Man kann. Mit zunehmendem Alter verändert sich die Zusammensetzung des Knorpels. Der Anteil der wasserbindenden Proteoglykane wird geringer, wobei besonders die Glucosamine und Chondroitin betroffen sind. Der Knorpel verliert seine Elastizität, seine Oberfläche wird rau und rissig. Die gute Nachricht ist, dass man sich diese Stoffe als Nahrungsergänzungsmittel von außen zuführen kann. Sie werden vom Körper gut aufgenommen und gelangen rasch in das Knorpelgewebe. Glucosamine und Chondroitin bilden ein Team, welches dem Gelenkverschleiß entgegenwirkt bzw. geschädigte Knorpel regenerieren kann und außerdem die Entzündungsbereitschaft arthrotischer Gelenke mindert.

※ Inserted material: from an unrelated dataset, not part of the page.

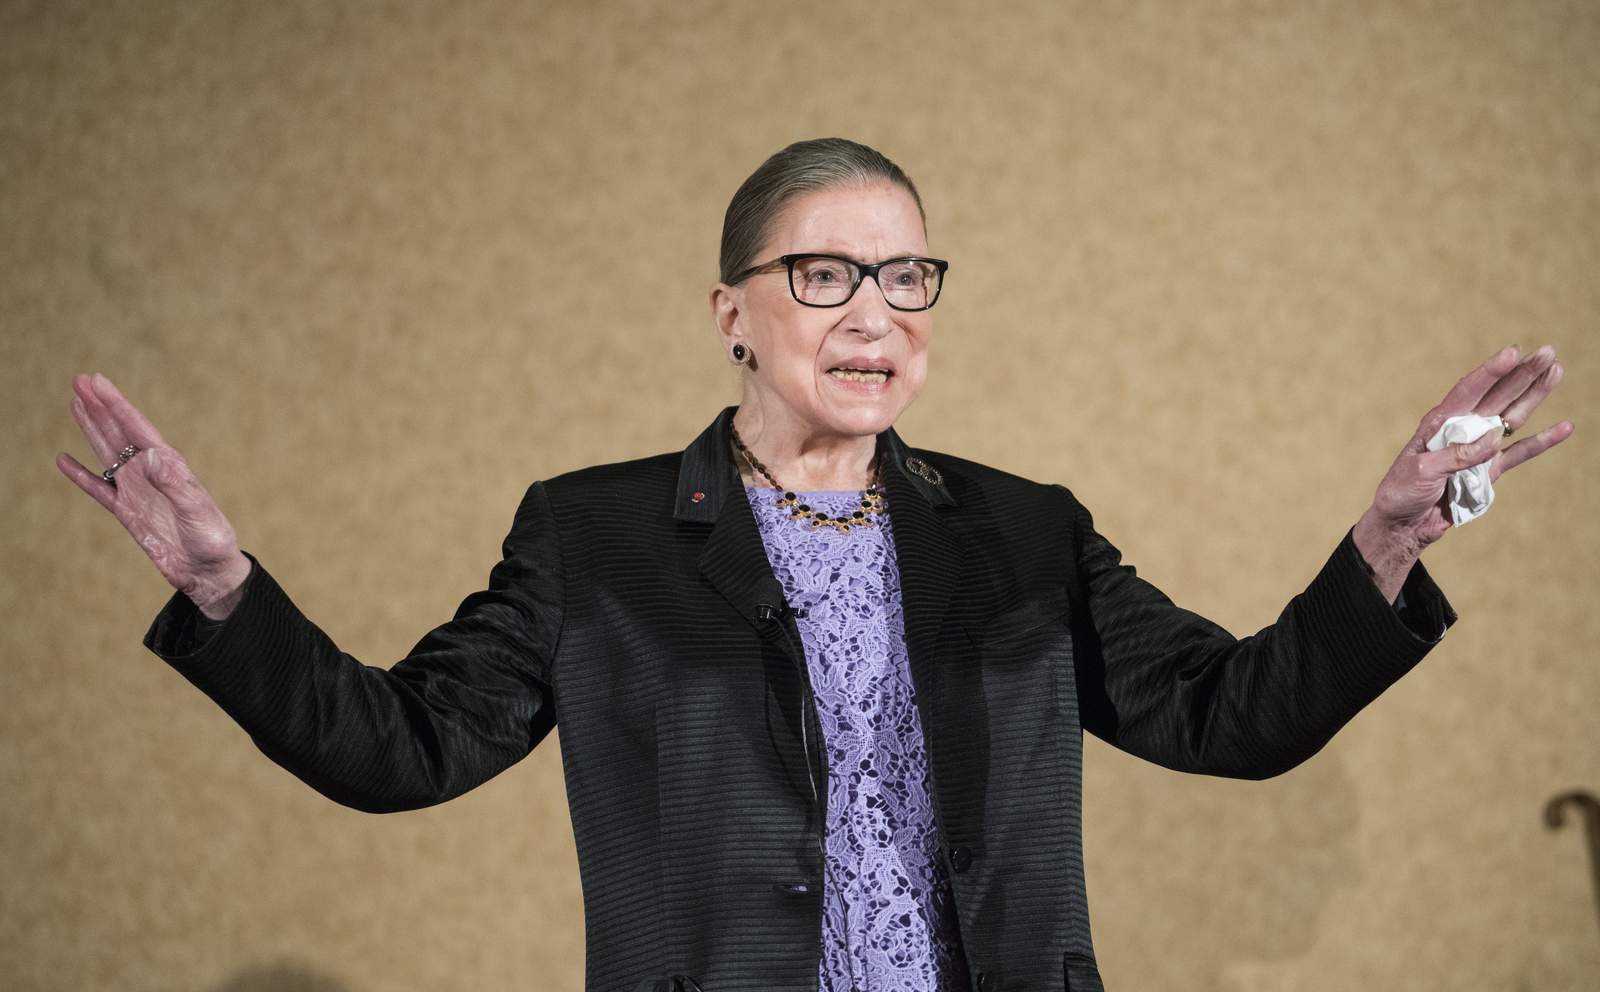 LIVE STREAM: Justice Ruth Bader Ginsburg lies in state at US Capitol

Das Chondroitin erhöht auch die Fähigkeit des Knorpels, Wasser zu binden.

Diese Mittel erhalten Sie bei mir. Ich überprüfe, ob im Gelenk Fehlstellungen vorliegen und teste kinesiologisch, welches Mittel für einen Aufbau des Knorpels bei Ihnen geeignet ist.

Unsere Gelenke laufen wie geschmiert

Unsere Gelenkknochen sind mit einer nur wenige Millimeter dicken Knorpelschicht überzogen. Diese ist äußerst druckfest, gleichzeitig sehr elastisch, wodurch sie den Knochen wie einen Stoßdämpfer schützt und sie kann enorm viel Wasser binden, was sie sehr gleitfähig macht.

Ein Knorpel hat keine Blutgefäße, die ihn ernähren. Wegen des hohen Druckes, dem der Knorpel ausgesetzt ist, würden diese Blutgefäße bei jeder Belastung abgedrückt werden. Daher ernährt sich der Knorpel durch Diffusion aus der Gelenksflüssigkeit im Gelenkspalt. Jede Belastung drückt den Knorpel wie einen Schwamm aus, wobei Abfallstoffe herausgedrückt werden. Bei jeder Entlastung saugt sich der Knorpel wieder voll mit Gelenksflüssigkeit, aus der er seine Nährstoffe bezieht. Bewegung nährt den Knorpel. In diesem Sinne heißt es ganz richtig: „Wer rastet, der rostet“.

 
Radfahren
Auch Bandscheiben zählen zu den Knorpeln. Sie ernähren sich durch Diffusion. Bewegung tut Ihnen gut.